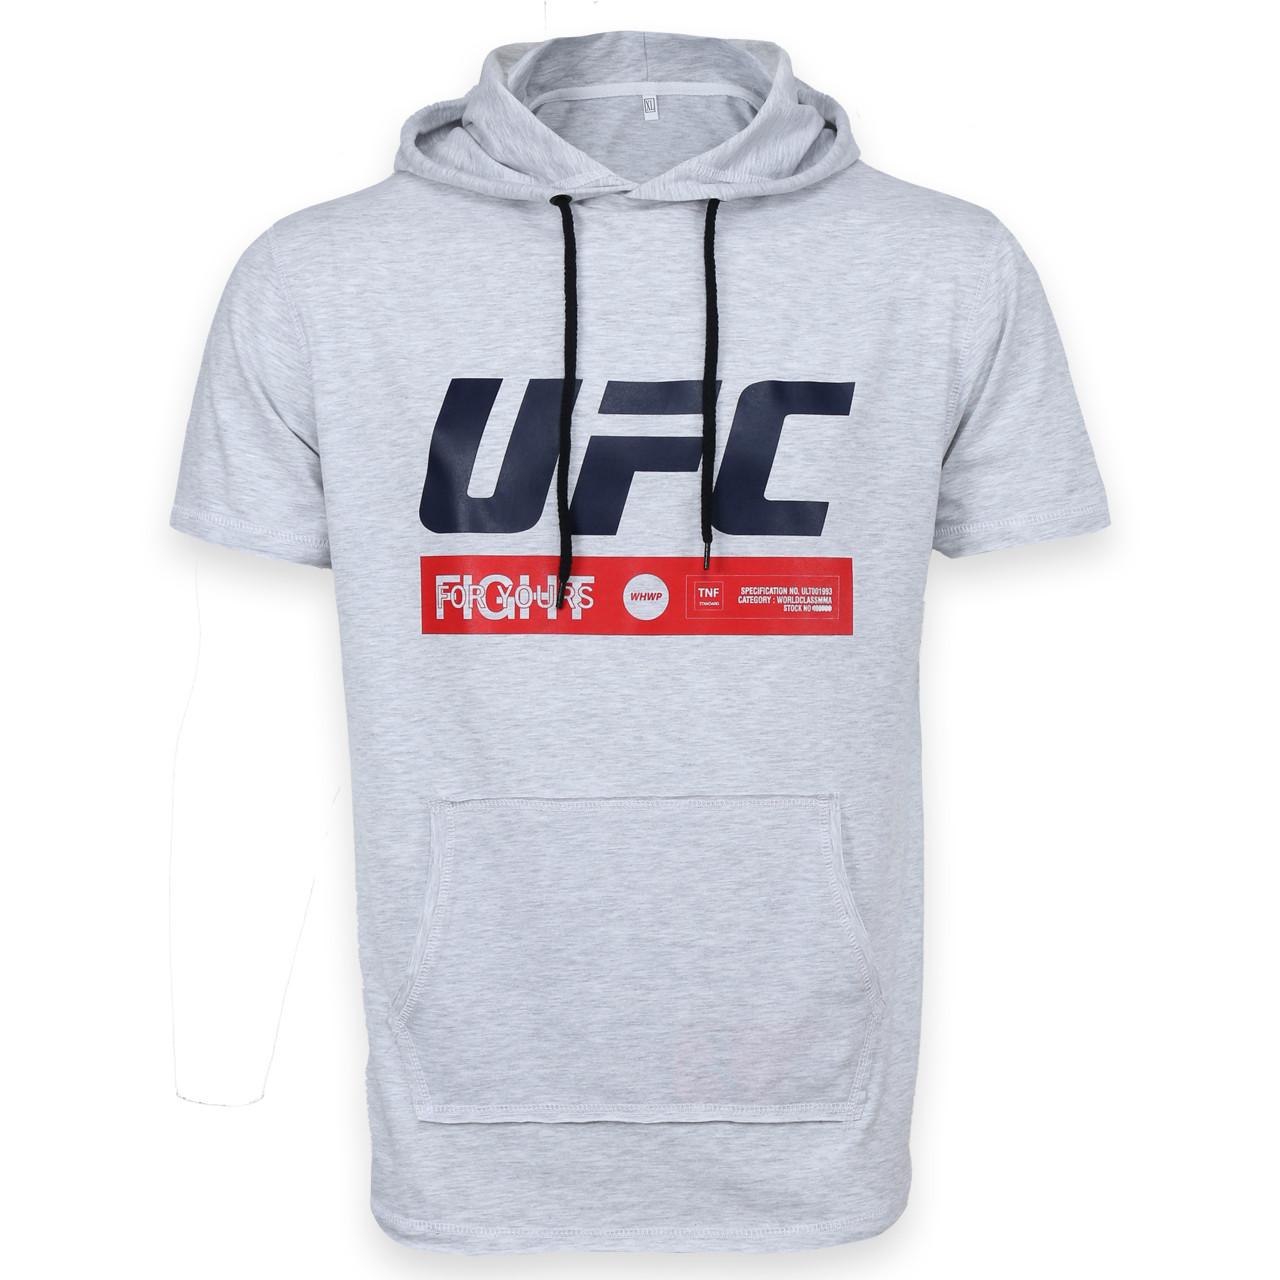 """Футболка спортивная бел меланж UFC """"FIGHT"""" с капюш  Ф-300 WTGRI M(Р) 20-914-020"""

- - - - -

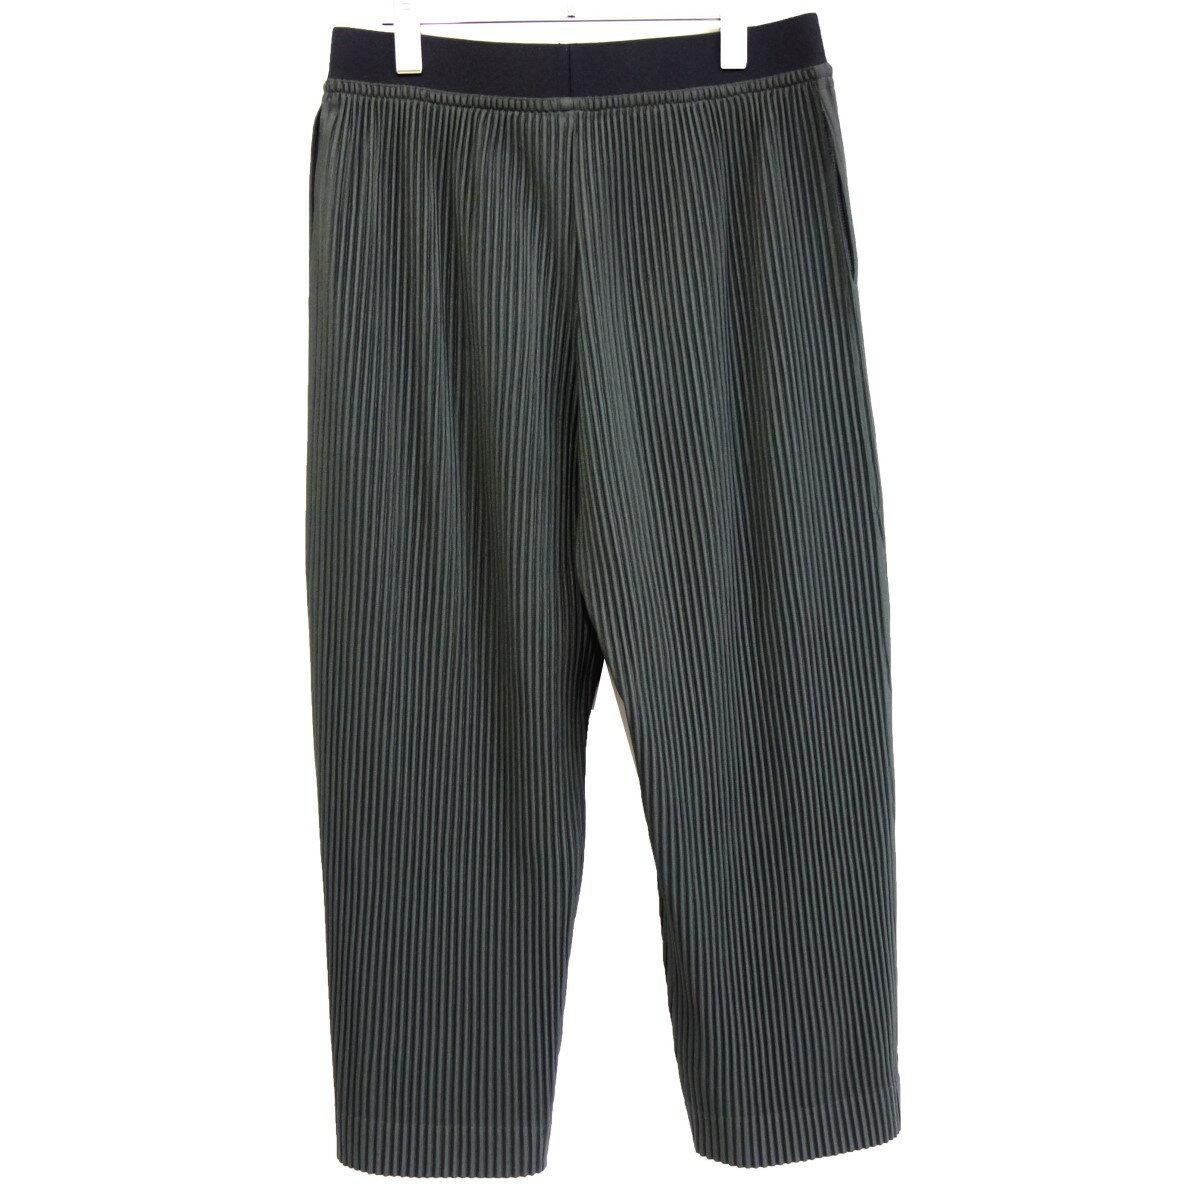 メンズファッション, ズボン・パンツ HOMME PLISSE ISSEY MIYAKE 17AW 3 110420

- - - - -

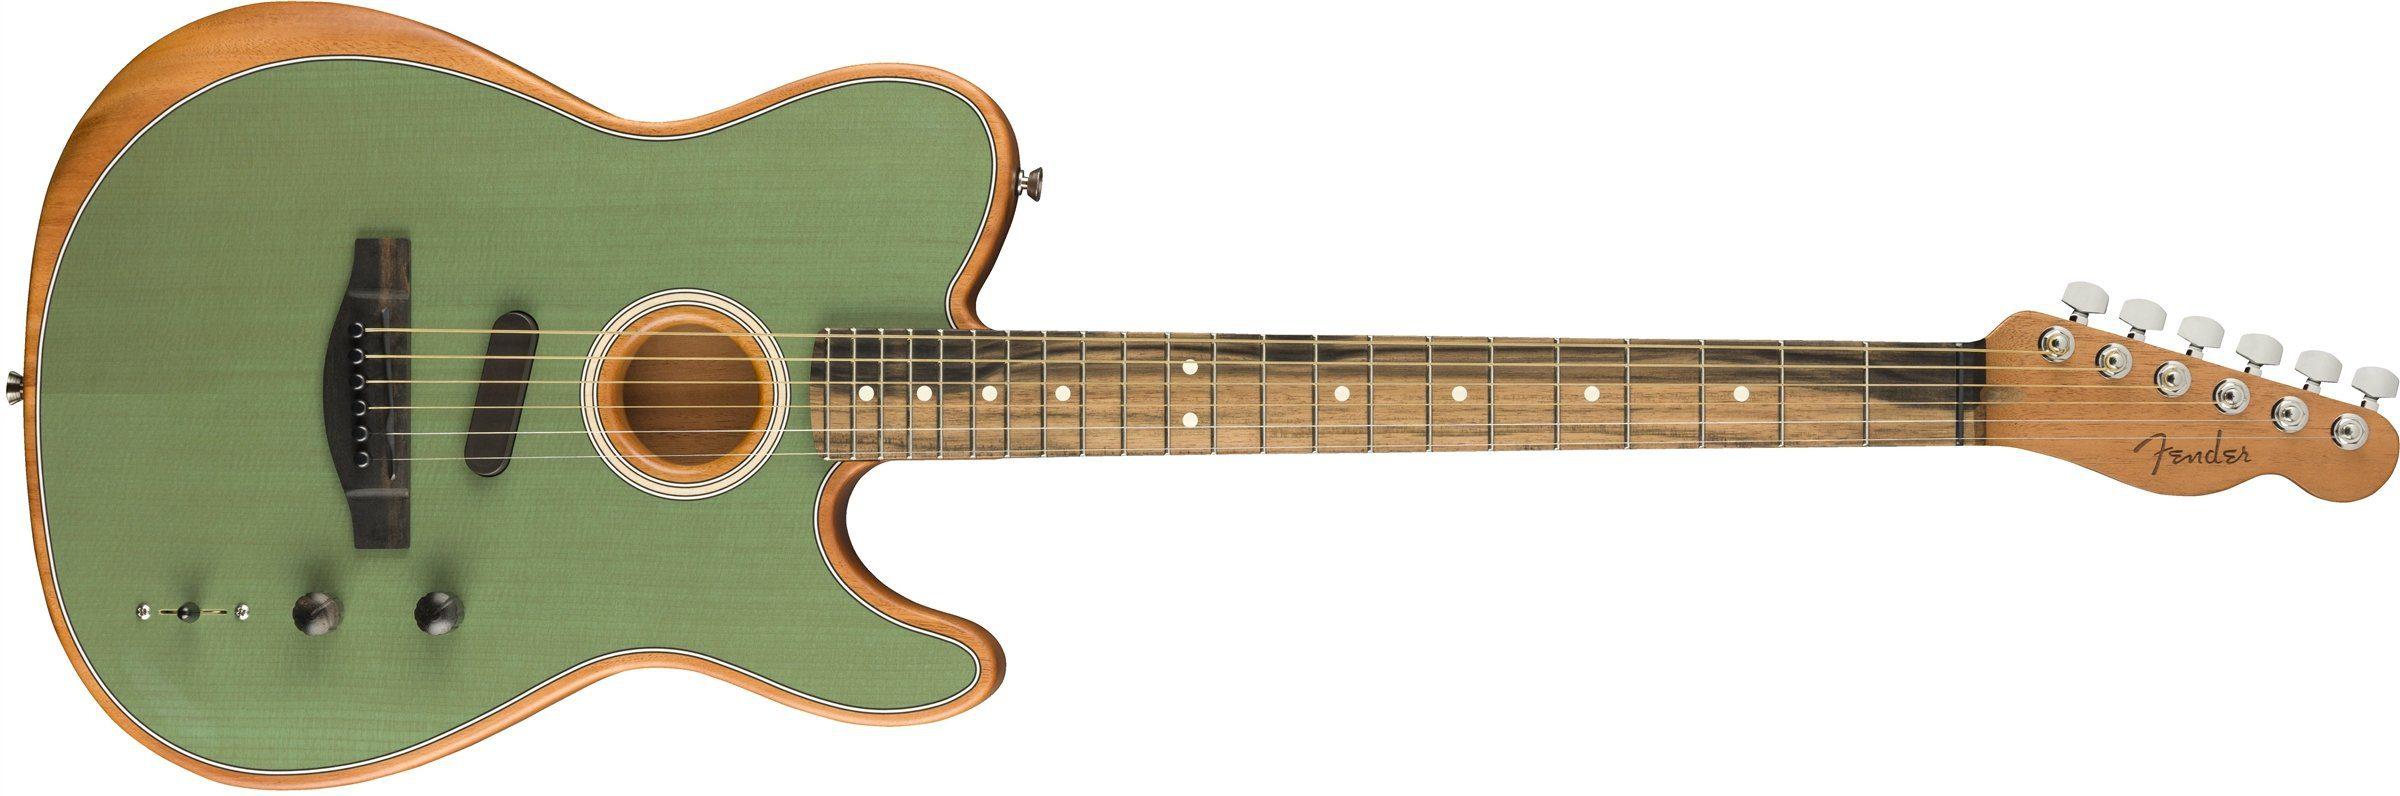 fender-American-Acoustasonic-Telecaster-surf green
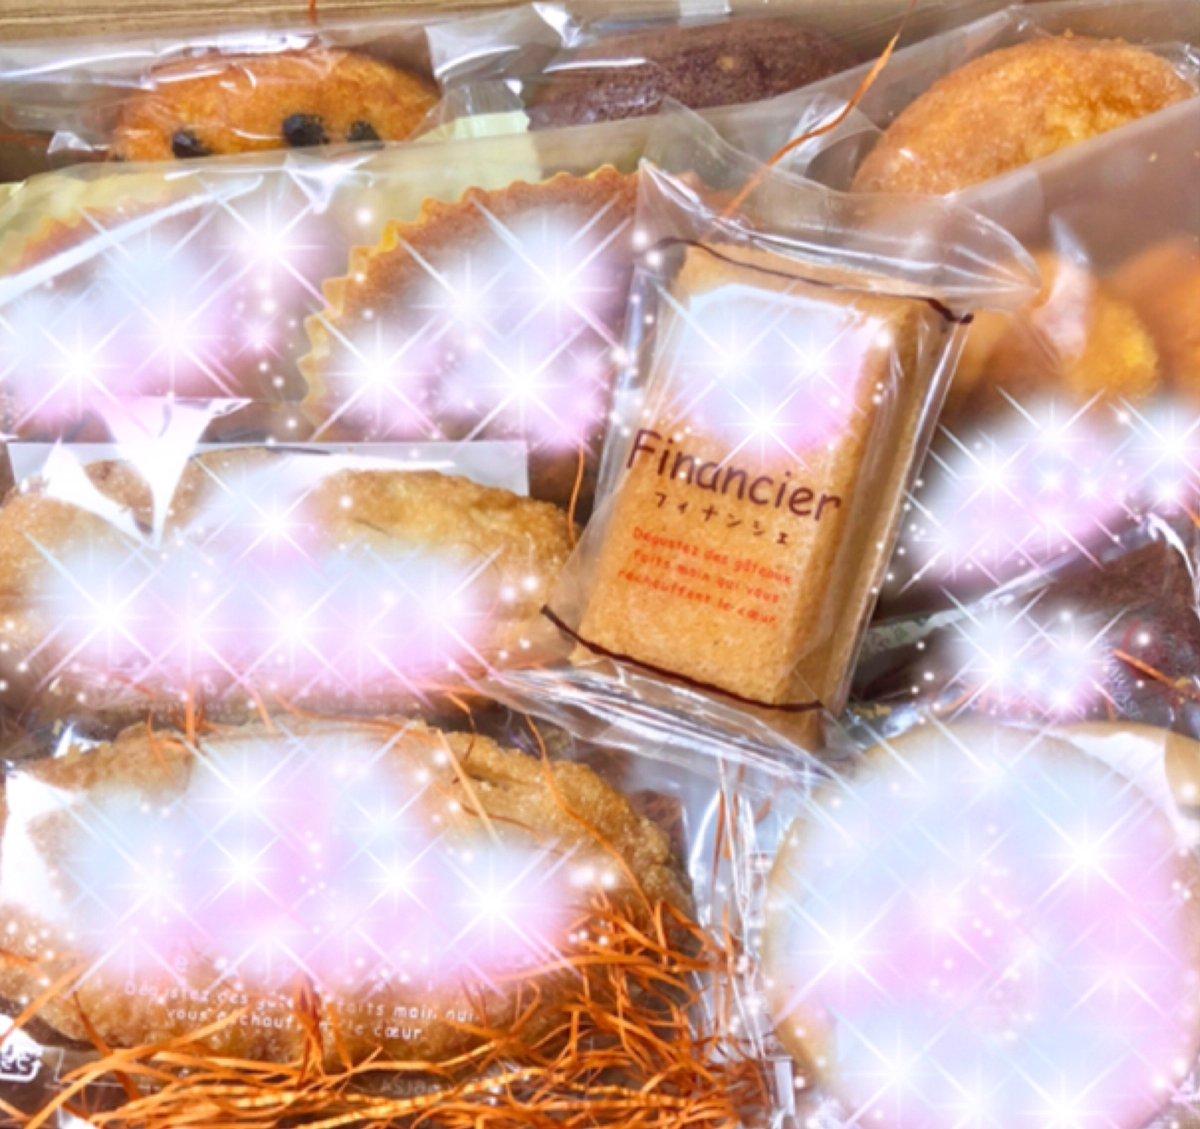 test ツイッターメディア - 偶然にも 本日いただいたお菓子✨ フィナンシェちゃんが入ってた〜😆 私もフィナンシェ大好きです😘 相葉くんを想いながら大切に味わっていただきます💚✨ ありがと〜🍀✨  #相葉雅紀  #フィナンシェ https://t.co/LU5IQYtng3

- - - - -

What the task asks> Only one stretch of the listing above is to be duplicated: the lines from the one containing "fender-American-Acoustasonic-Telecaster-surf green" through the one containing "test ツイッターメディア - 偶然にも", both included. Copy them exactly, minus the pictures.

Expected output>
 fender-American-Acoustasonic-Telecaster-surf green
 test ツイッターメディア - 偶然にも 本日いただいたお菓子✨ フィナンシェちゃんが入ってた〜😆 私もフィナンシェ大好きです😘 相葉くんを想いながら大切に味わっていただきます💚✨ ありがと〜🍀✨  #相葉雅紀  #フィナンシェ https://t.co/LU5IQYtng3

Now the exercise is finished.